(Data extract)

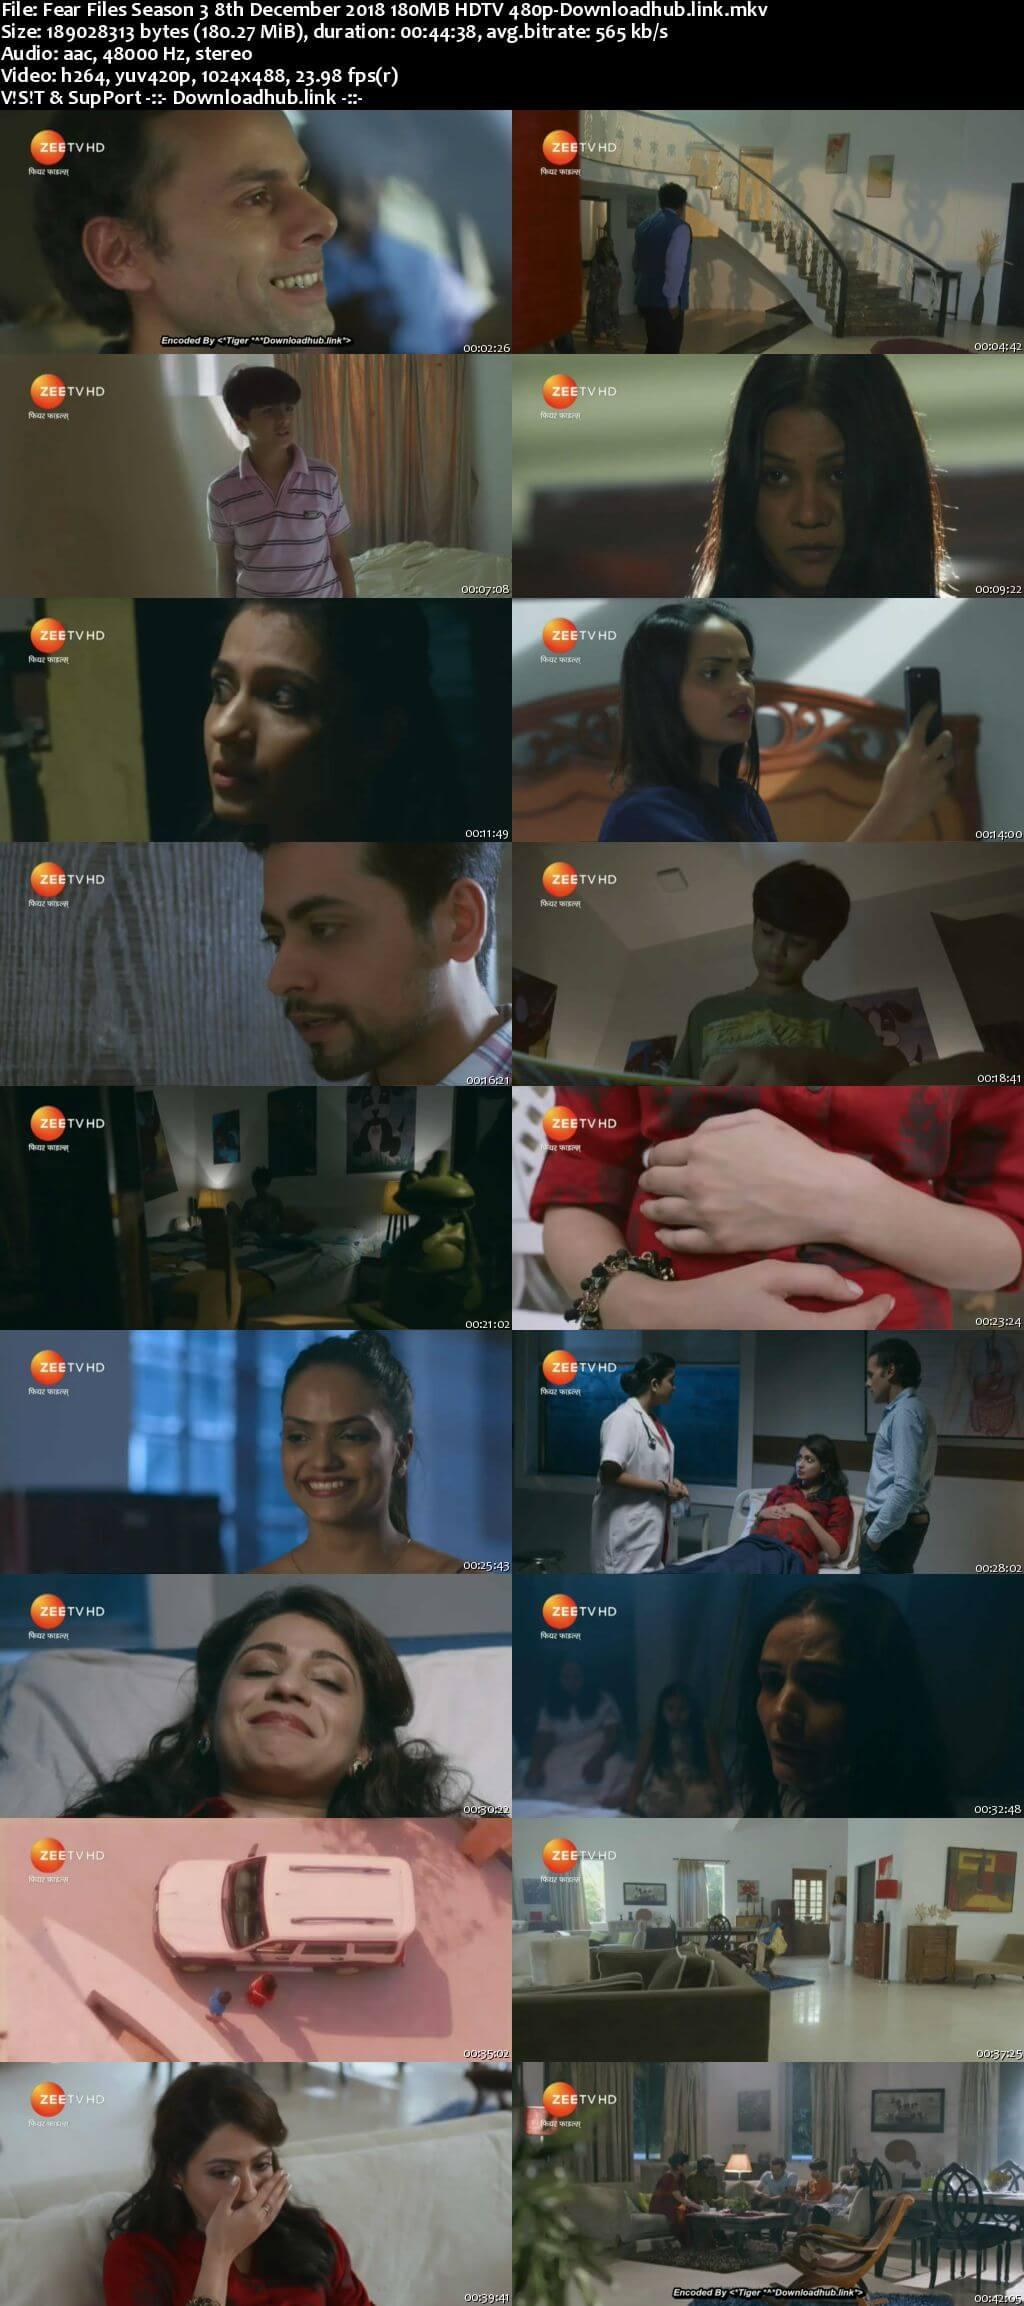 Fear Files Season 3 8th December 2018 180MB HDTV 480p
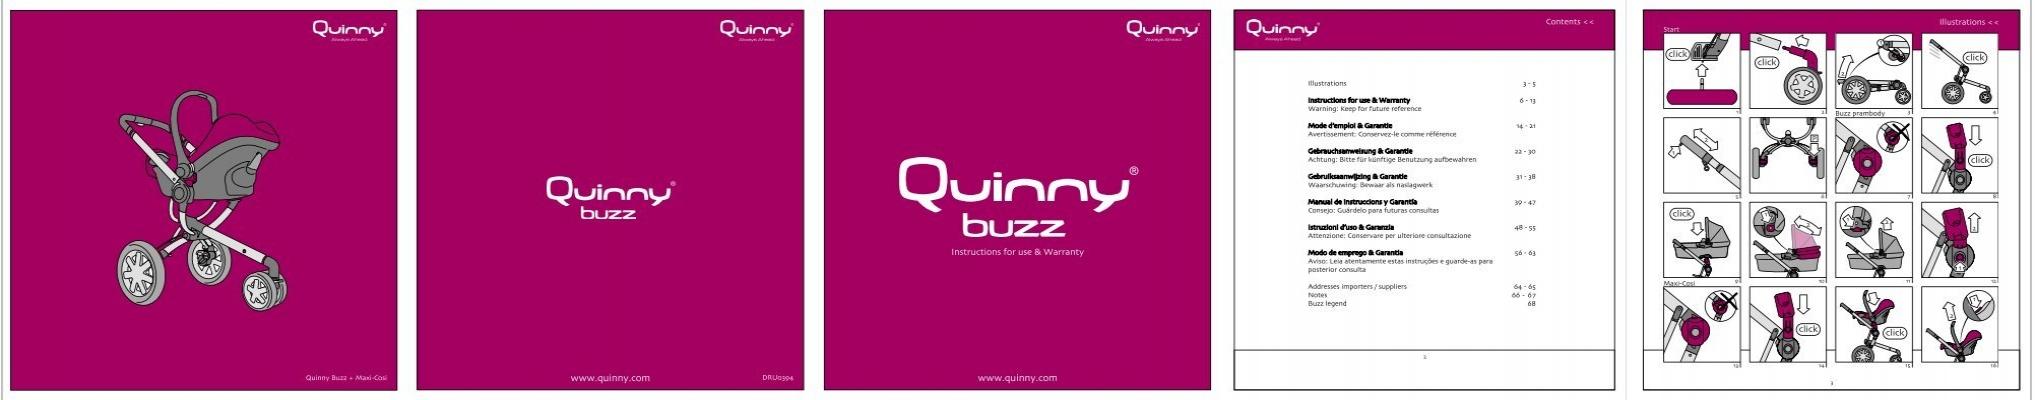 quinny buzz 3 instructions
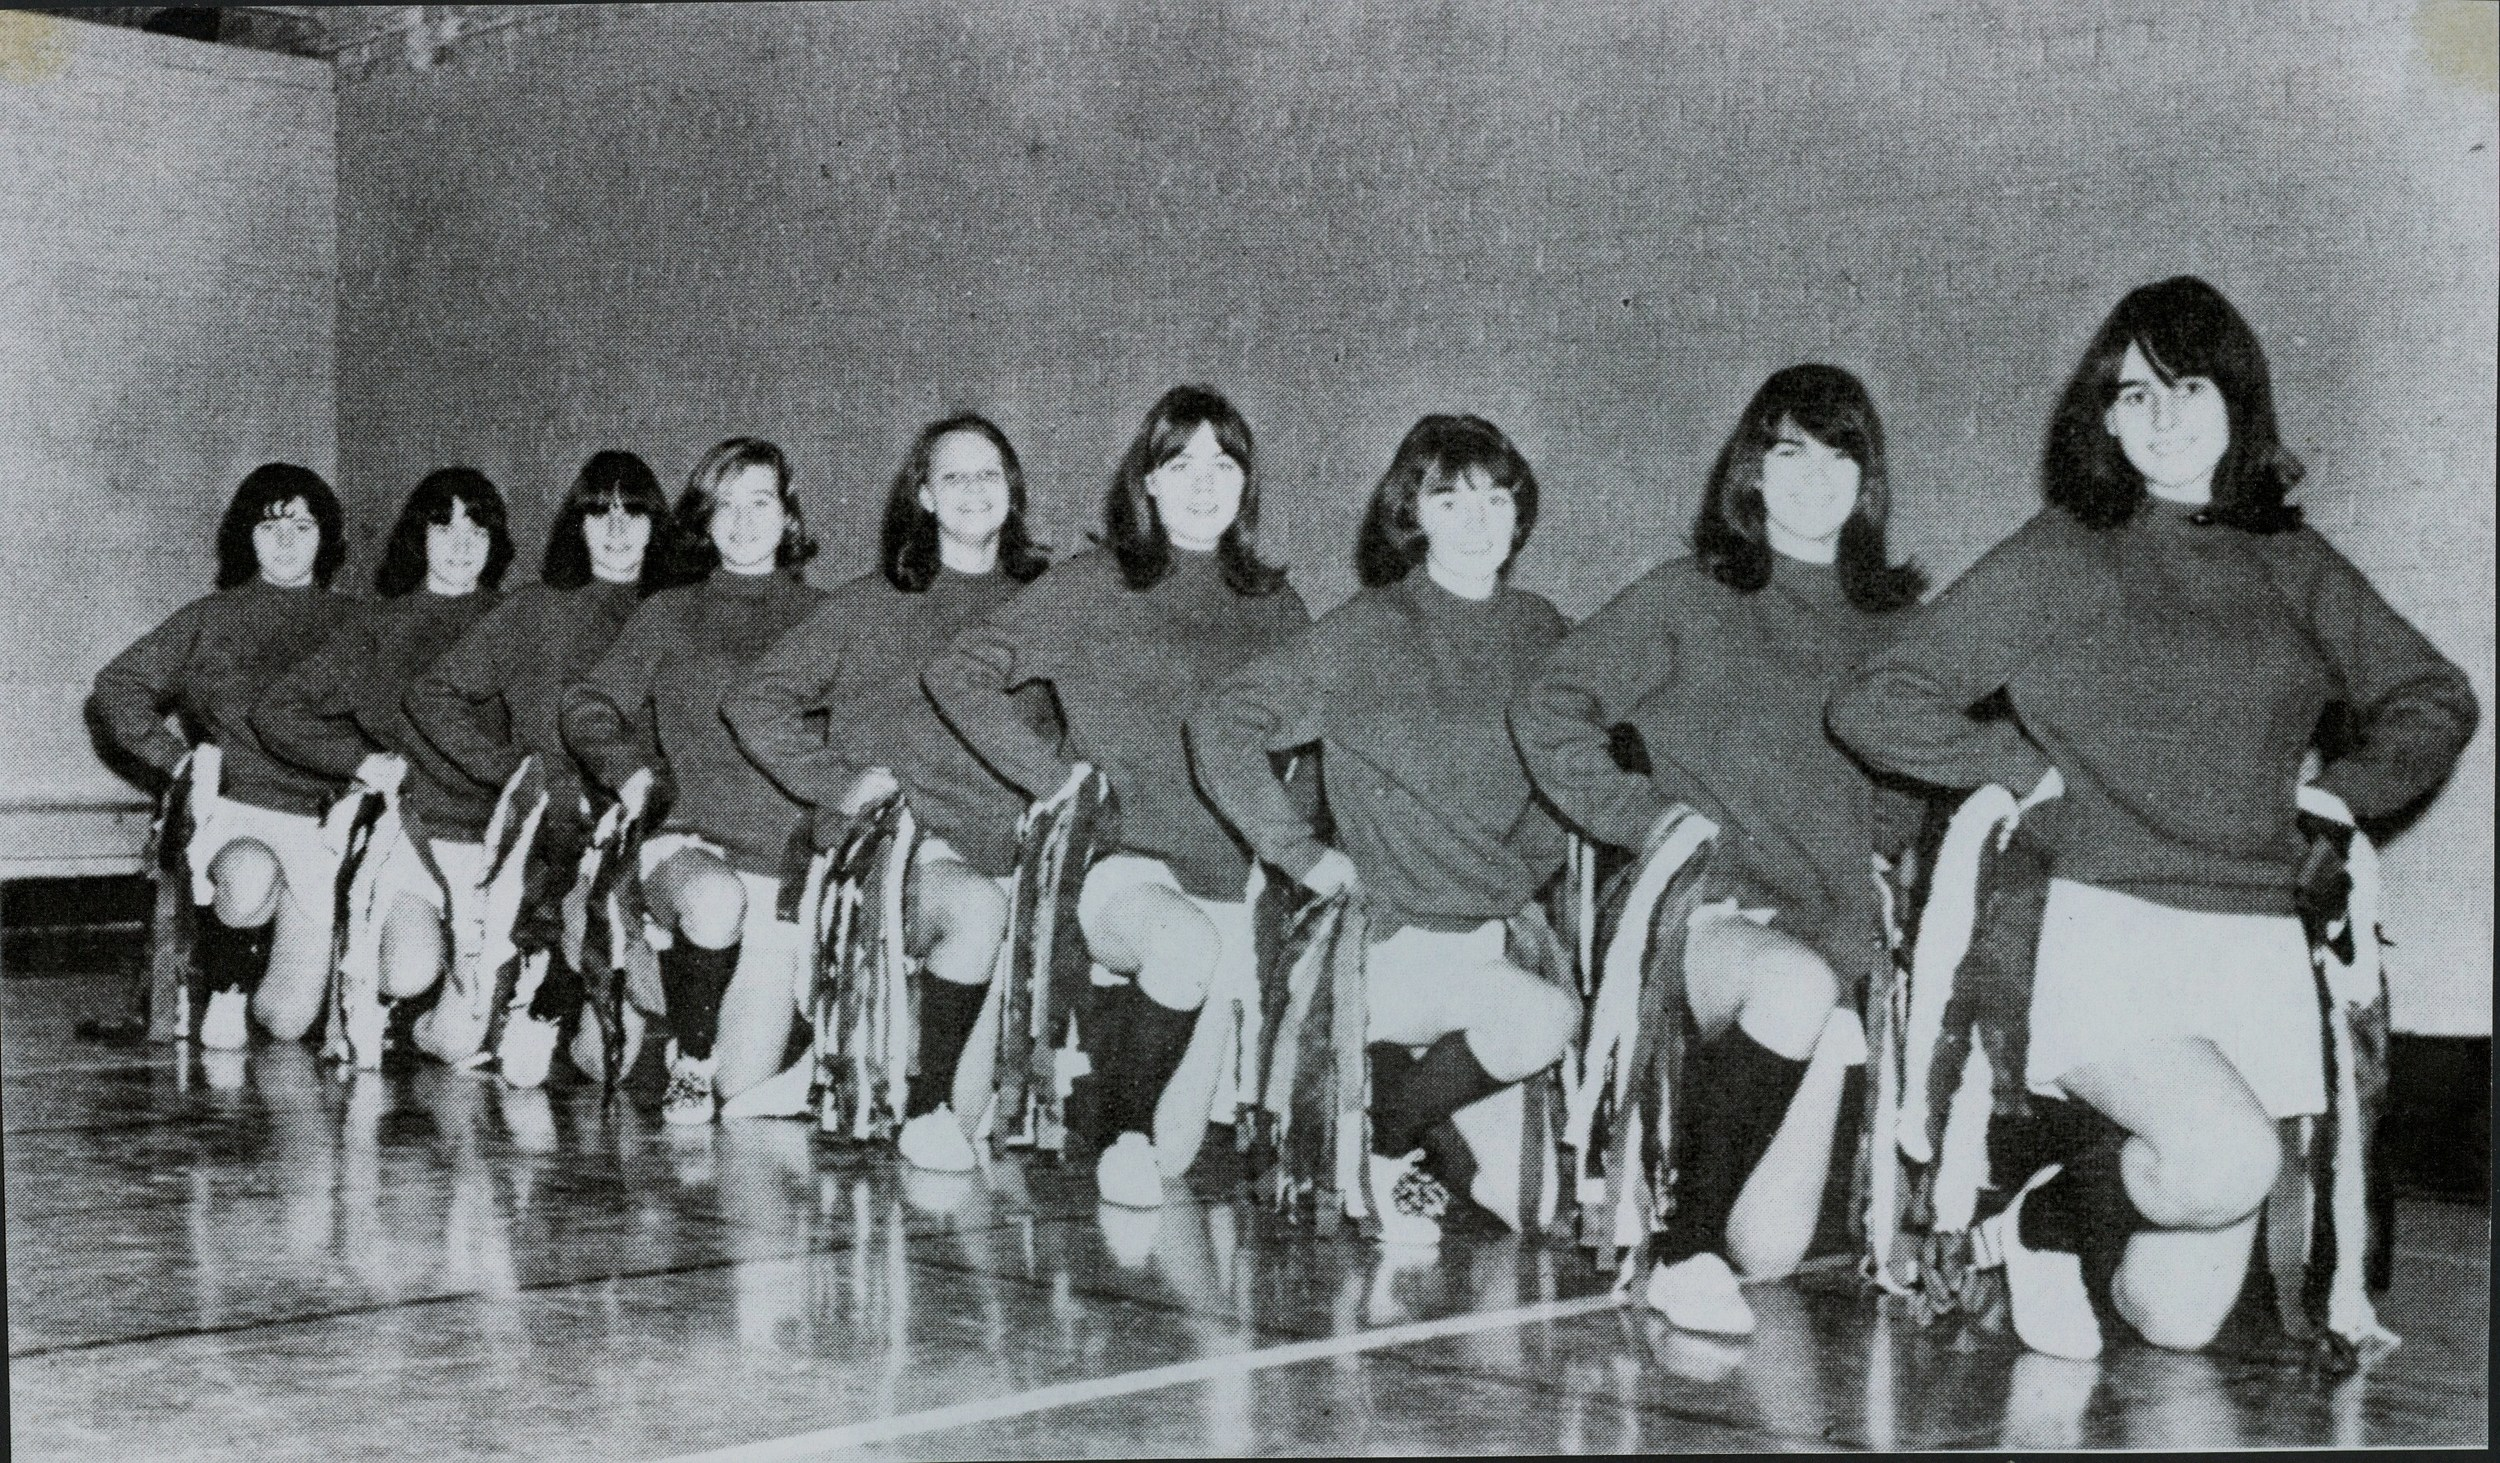 A olken, Maxine.MacDonald, Robson, Bleecker, B Rothermel, McGregr, Draper, O'Connor

(End Data extract)

=== What you need to do ===
Nothing but the pictures should be left out when the listing is repeated exactly.

=== Answer to the exercise ===
 Fear Files Season 3 8th December 2018 180MB HDTV 480p
 quinny buzz 3 instructions
 A olken, Maxine.MacDonald, Robson, Bleecker, B Rothermel, McGregr, Draper, O'Connor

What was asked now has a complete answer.